True worship, as the theologian and Presbyterian pastor Mark Labberton writes in his 2007 book The Dangerous Act of Worship, “draws us into the heart of God, and as we live there, we see the neighbors God gives us: the forgotten, the marginalized, the poor, the oppressed.” In a world where an unprecedented number of people suffer from isolation and feel unloved, unwanted and judged without compassion, God is calling us to reach out and invite everyone, especially those who are most vulnerable, into his tender compassion.

This must begin in our worship spaces and liturgical celebrations. As we continue to support the work of evangelization and the charitable outreaches of the U.S. church to the poor all over the world, we must become more attentive to the poor and vulnerable people who show up in our own parishes. We must be sincerely concerned about the different challenges that immigrants, minorities and all vulnerable people face daily. We must never stop actively advocating for the human dignity of everyone, irrespective of their race, nationality, gender or sexual orientation. We must not fear to reach out to the “stranger” who shows up in a parish, to touch them with the kindness of Jesus, to learn their names, to invite them to share a meal with our families or to include them in other events.

In Enfleshing Freedom: Body, Race, and Being, the Catholic theologian M. Shawn Copeland urges us to imitate Jesus, who confronted the system of oppression and exclusion of his time “through lived example, intentionally choosing courage over conformity, moral conflict over acquiescence, and boldness over caution.” According to Dr. Copeland, “With all his heart and soul, mind and body, Jesus resisted religious and social attempts to reduce God’s anawim [“poor ones”] to nobodies.”

Where better to practice courageously reaching out to others with the love and mercy of Christ than in our worship spaces?

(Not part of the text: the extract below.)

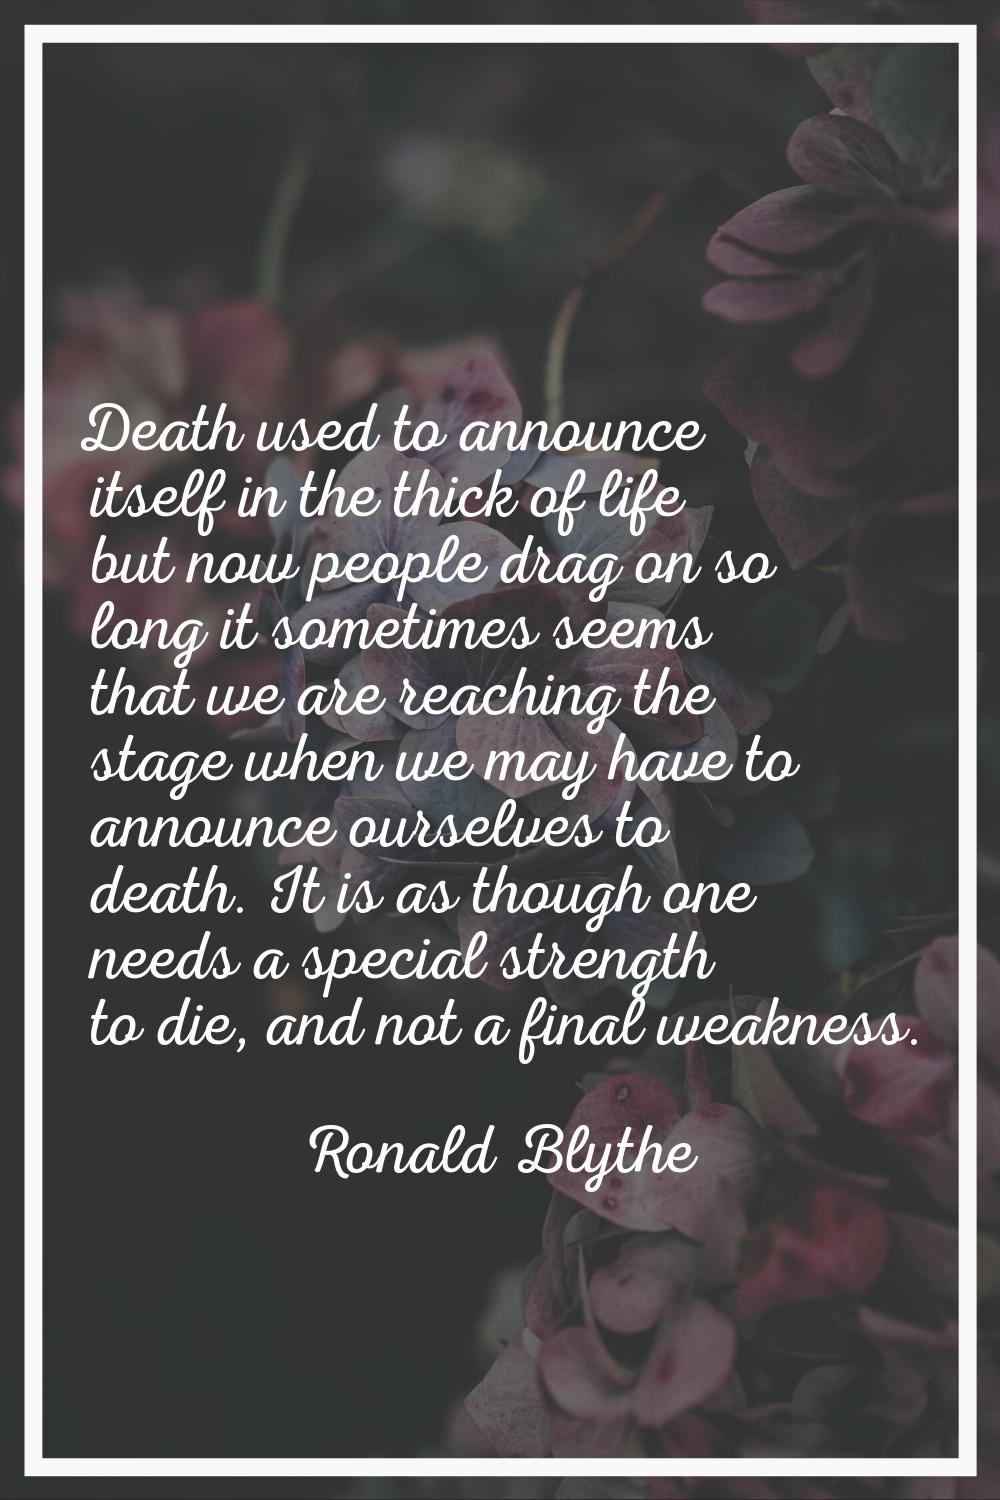 Death used to announce itself in the thick of life but now people drag on so long it sometimes seem
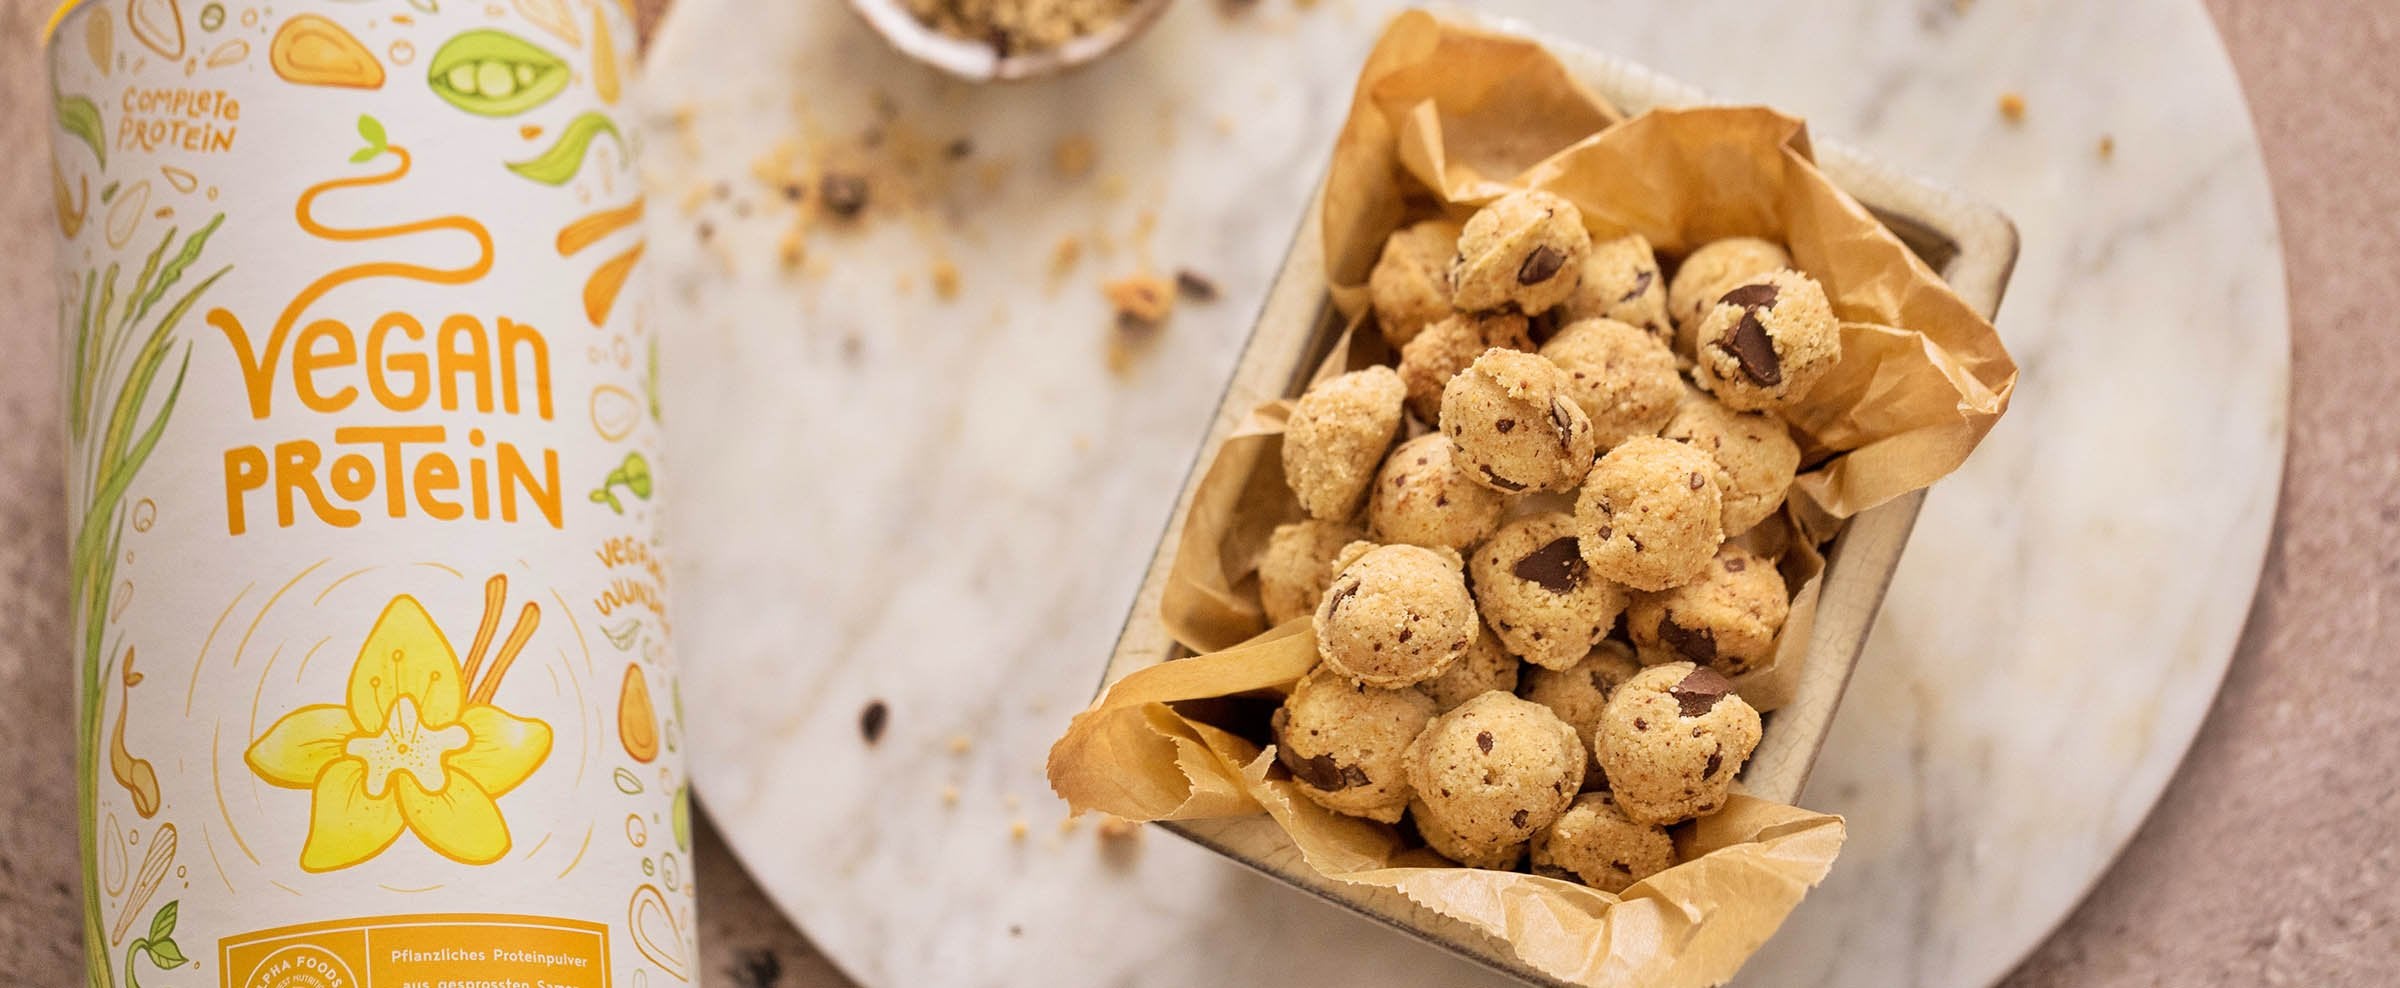 HEALTHY SNACKING - COOKIE DOUGH PROTEIN BALLS

As the theologian Bernard Häring, C.Ss.R., explained in his book The Sacraments in a Secular Age: A Vision in Depth on Sacramentality and Its Impact on Moral Life, the liturgy is both grace and mandate, for in its celebration, “we are instructed in and enabled to carry out the mission of ordering our whole social life in a way that gives praise to the grace and glory of God.”

To paraphrase the second-century church father Irenaeus, nothing gives more glory to God than human beings fully alive and flourishing. As we give praise and glory to God through our songs and prayers during Mass, let us ensure we are also attentive to the suffering and struggles of all people, beginning with the people who join us in our liturgical spaces.